Editor’s November 2023 note: This is a revised version of the original website that was first posted – from Antarctica – in 1996.


About this website

Note: While hosted in Reston, Virgina, USA, this website was optimized for Antarctic-based web visitors who were blessed with sporadic and sometimes slow Internet connections. Updates were done periodically by Dale Andersen directly from Antarctica.
Last website update: 14 November 1997

Antarctic Photo Albums

  • Volume 1: Images of Lake Bonney, Lake Vida, and Lake Hoare plus some underwater shots of divers examining microbial mats at the bottom of these ice covered lakes.
  • Volume 2: Remote field camp located at Battleship Promontory, Alatna Valley, Antarctica where researchers look for lithophytic communities.
  • Volume 3: Images of Dr. Imre Friedmann making a photographic record of the cryptoendolithic community colonizing the Beacon Sandstone (orthoquartzite) at Battleship Promentory, Antarctica.
  • Volume 4: Accomodations at Lake Hoare, Taylor Valley, Antarctica – Huts, helicopters, tents, and some of the people who work here.
  • Volume 5: Research on ponds located on Bratina Island, skua nests, and a visit from the Prime Minister of New Zealand and Sir Edmund Hillary.

About The Author

Funding for Dale Andersen’s participation in the McMurdo Dry Valleys Long Term Ecological Research project was provided by NSF Office of Polar Programs. Dale also received support from NASA’s Exobiology program, is a Research Scientist at The SETI Institute, and works within a cooperative research agreement at NASA’s Ames Research Center. Dale is currently pursuing a doctorate at McGill University.

How We Built This Website

This may sound like rocket science – but it ain’t – by all means try this at home!

Dale Andersen:

“Our main camp is at Lake Hoare in Taylor Valley. There are also camps at Lake Bonney and Lake Fryxell, but the newest and nicest facility is here at Lake Hoare.
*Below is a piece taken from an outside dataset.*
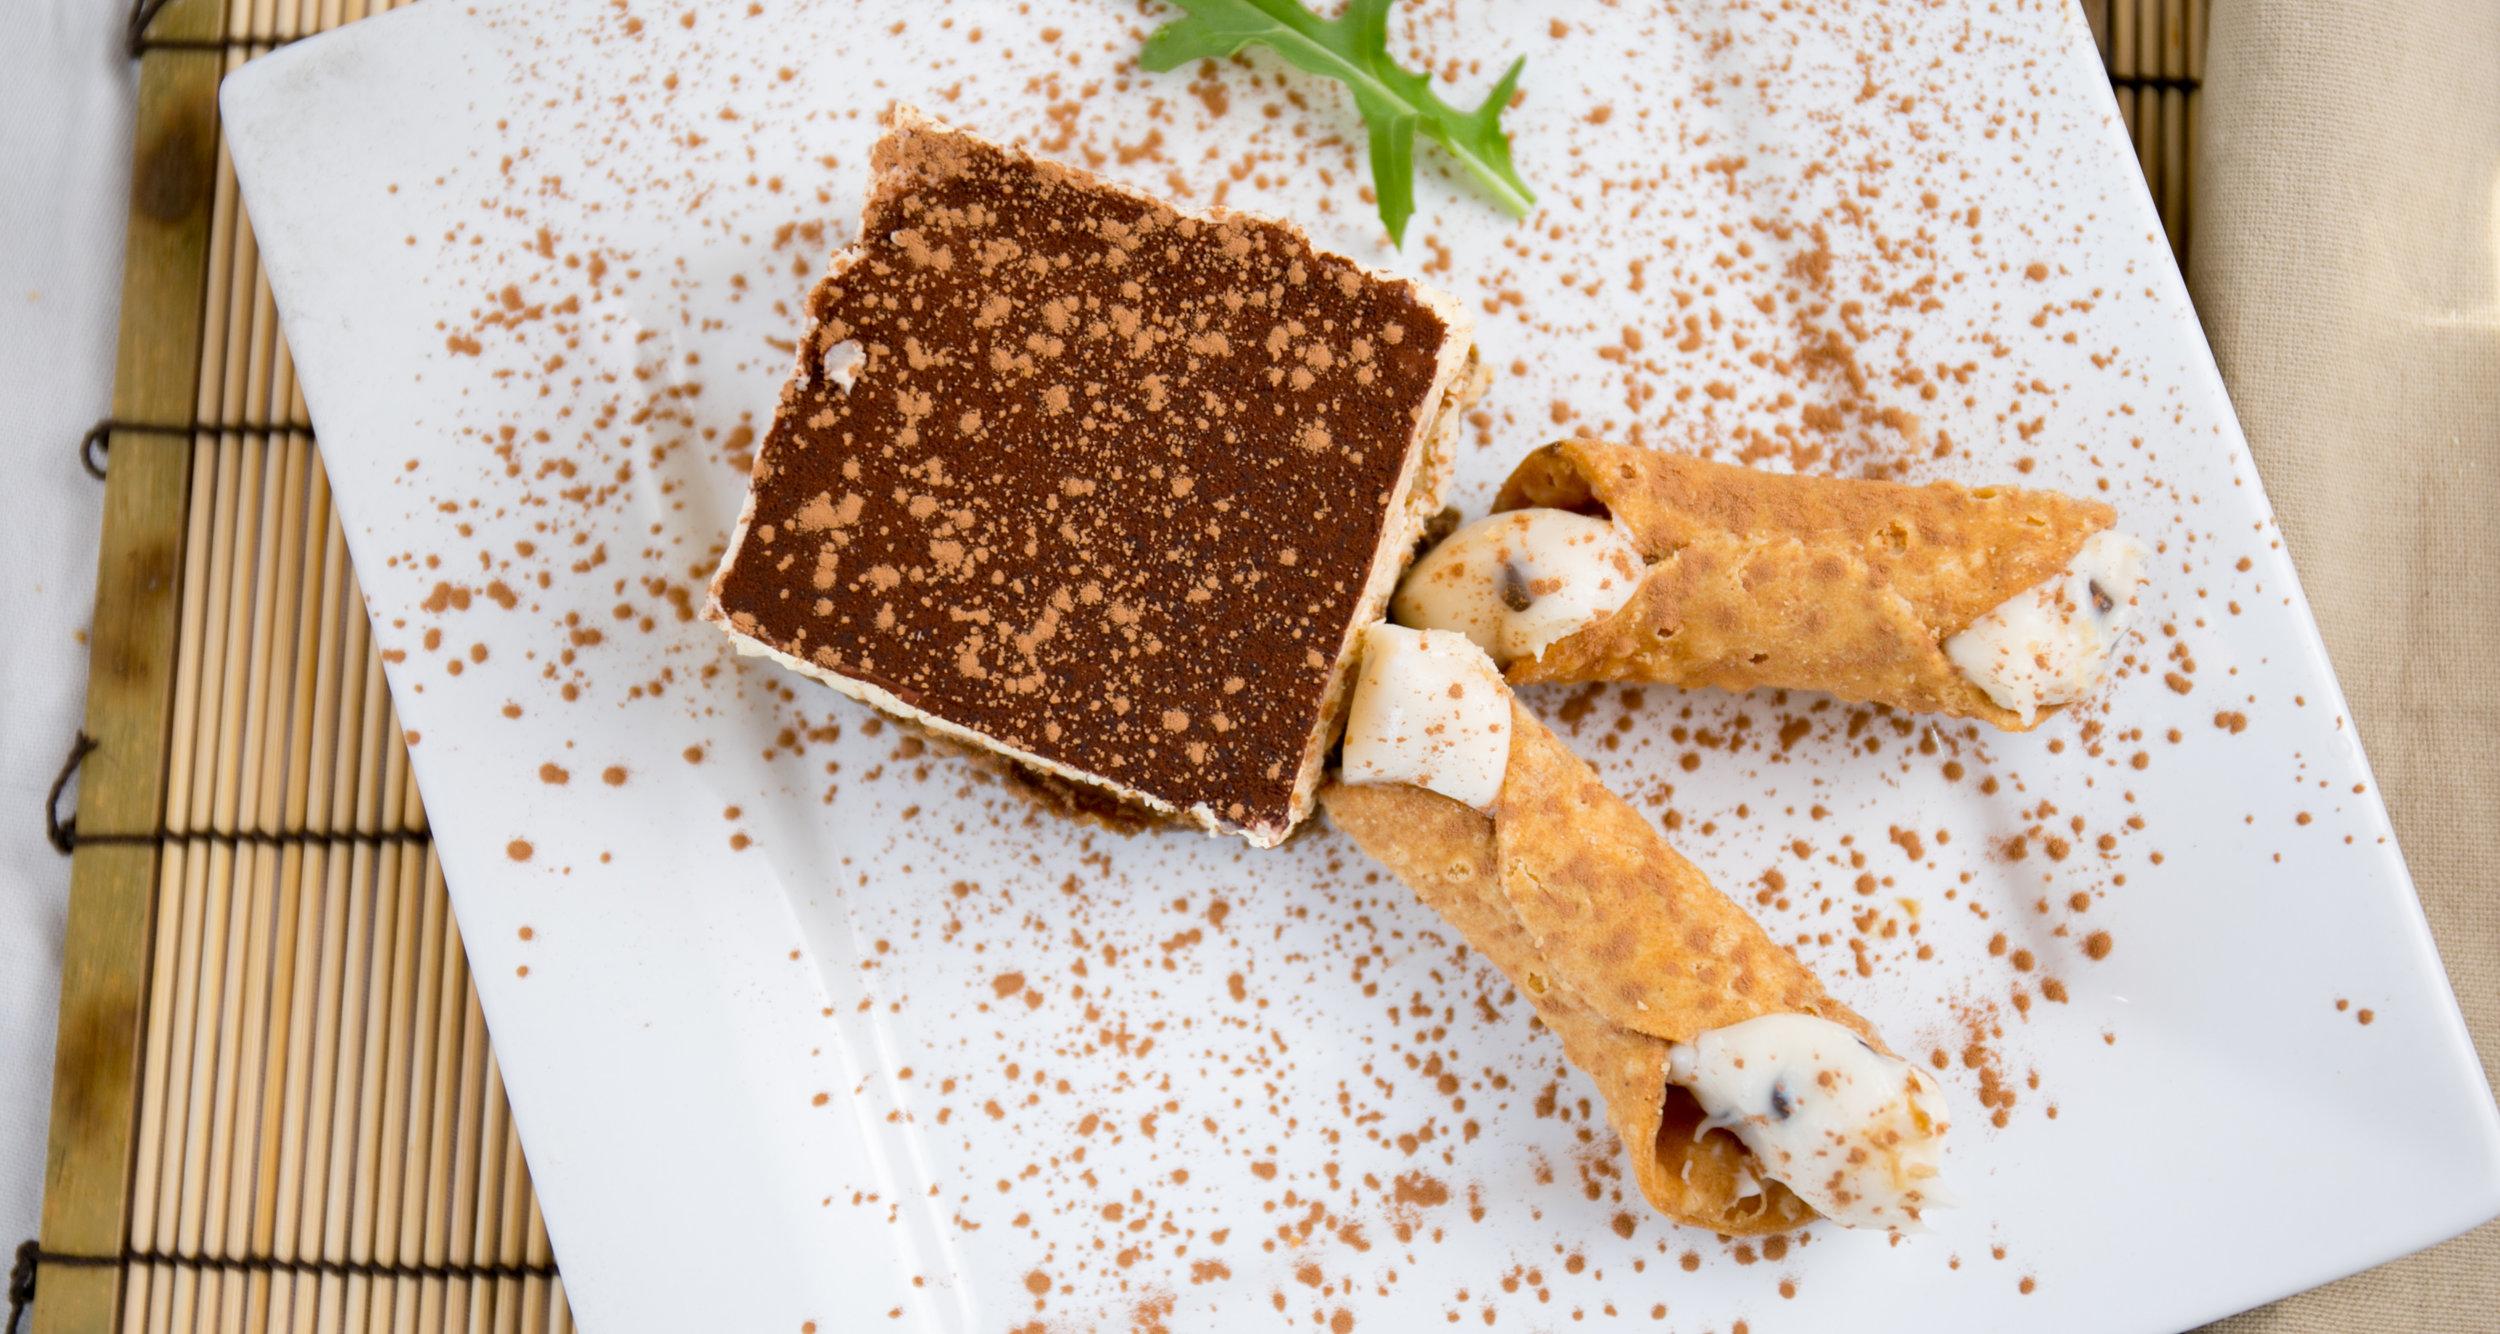 Alfredos_Desserts_01.jpg
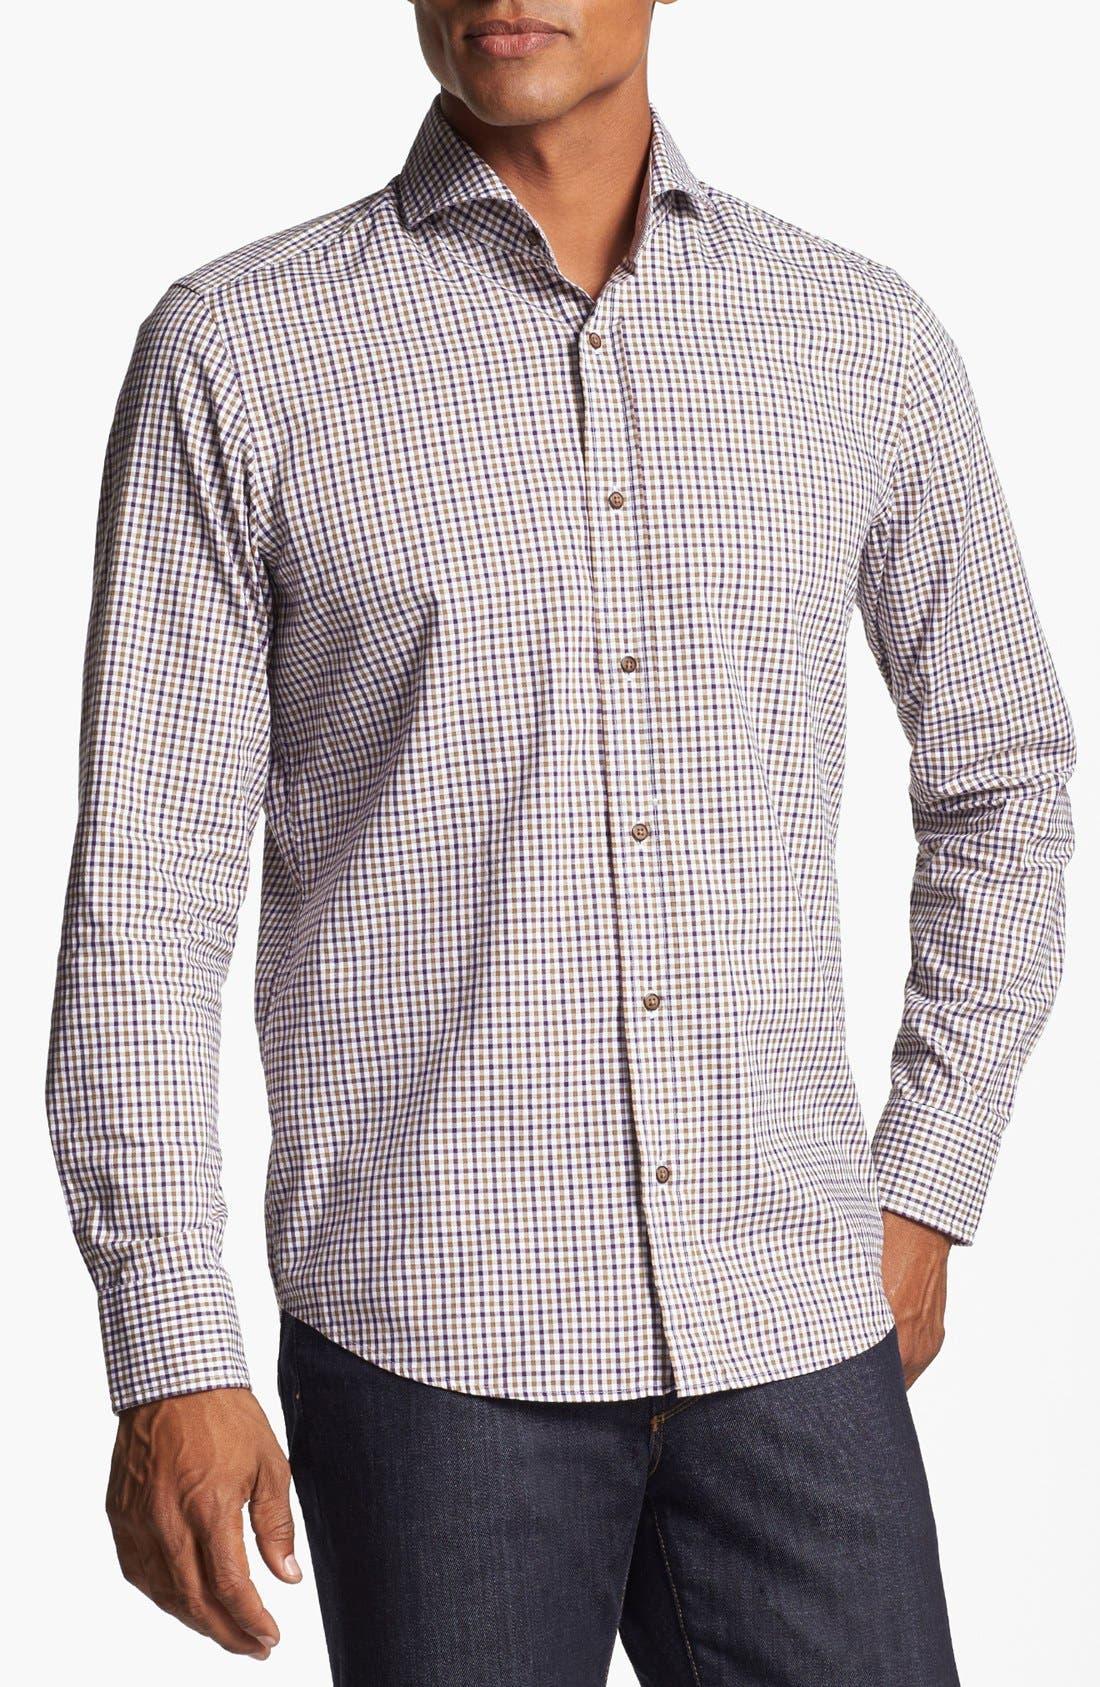 Main Image - BOSS HUGO BOSS 'Sean' Regular Fit Sport Shirt

Here at the hut we have two power sources: photovoltaic solar power and a generator. The solar power system provides us with most of our energy. The exceptions being those days when it is continuously cloudy or if we have to run a piece of science equipment with a power requirement larger than the solar power system can handle. In the event we run down the solar power, we can switch to a backup generator (6kw continous). We prefer not to do this if at possible since the generator is rather noisy.

We have several computers here: the main computer is a Digital Venturis 575 (Pentium-based) with a Magnavox Magnascan 17″ display. We use this computer for most of our e-mail applications. We also have a 486 made by Macro Technologies which we use for other work including my image processing. The Macro 486 is equipped with a digital still image capture board with which I can capture still frames from my digital video.

I shoot my video on a Sony Digital DCRVX1000 Video camera. When I am diving, I use an underwater housing for the Sony Camera made by Amphibico (VH1000). After I capture the frames I want, I convert them from BMP files to JPG files and send them to Keith via FTP.

We have radio telephones that allow us to contact McMurdo via several repeaters which have been placed in Taylor Valley. With this phone line we can send data via computer (e-mail, access the web etc.) at about 4800 baud. The signal is first sent to McMurdo, and is then forwarded by the servers there to Black Island (thirty miles to the west of McMurdo), and then uplinked by satellite back to the states where it enters into the Internet and ends up at Keith’s house in Virginia. “

Keith Cowing:

“Dale accesses his mail account at NASA Ames Research Center in Moffett Field, California via FTP from a server located at McMurdo Base. Email is sent from the NASA ARC mail server to me at the Reston Communications mailserver, a Mac Classic II, in Reston, Virginia. Dale sends images to me via FTP by depositing them on a FTP server in Maryland.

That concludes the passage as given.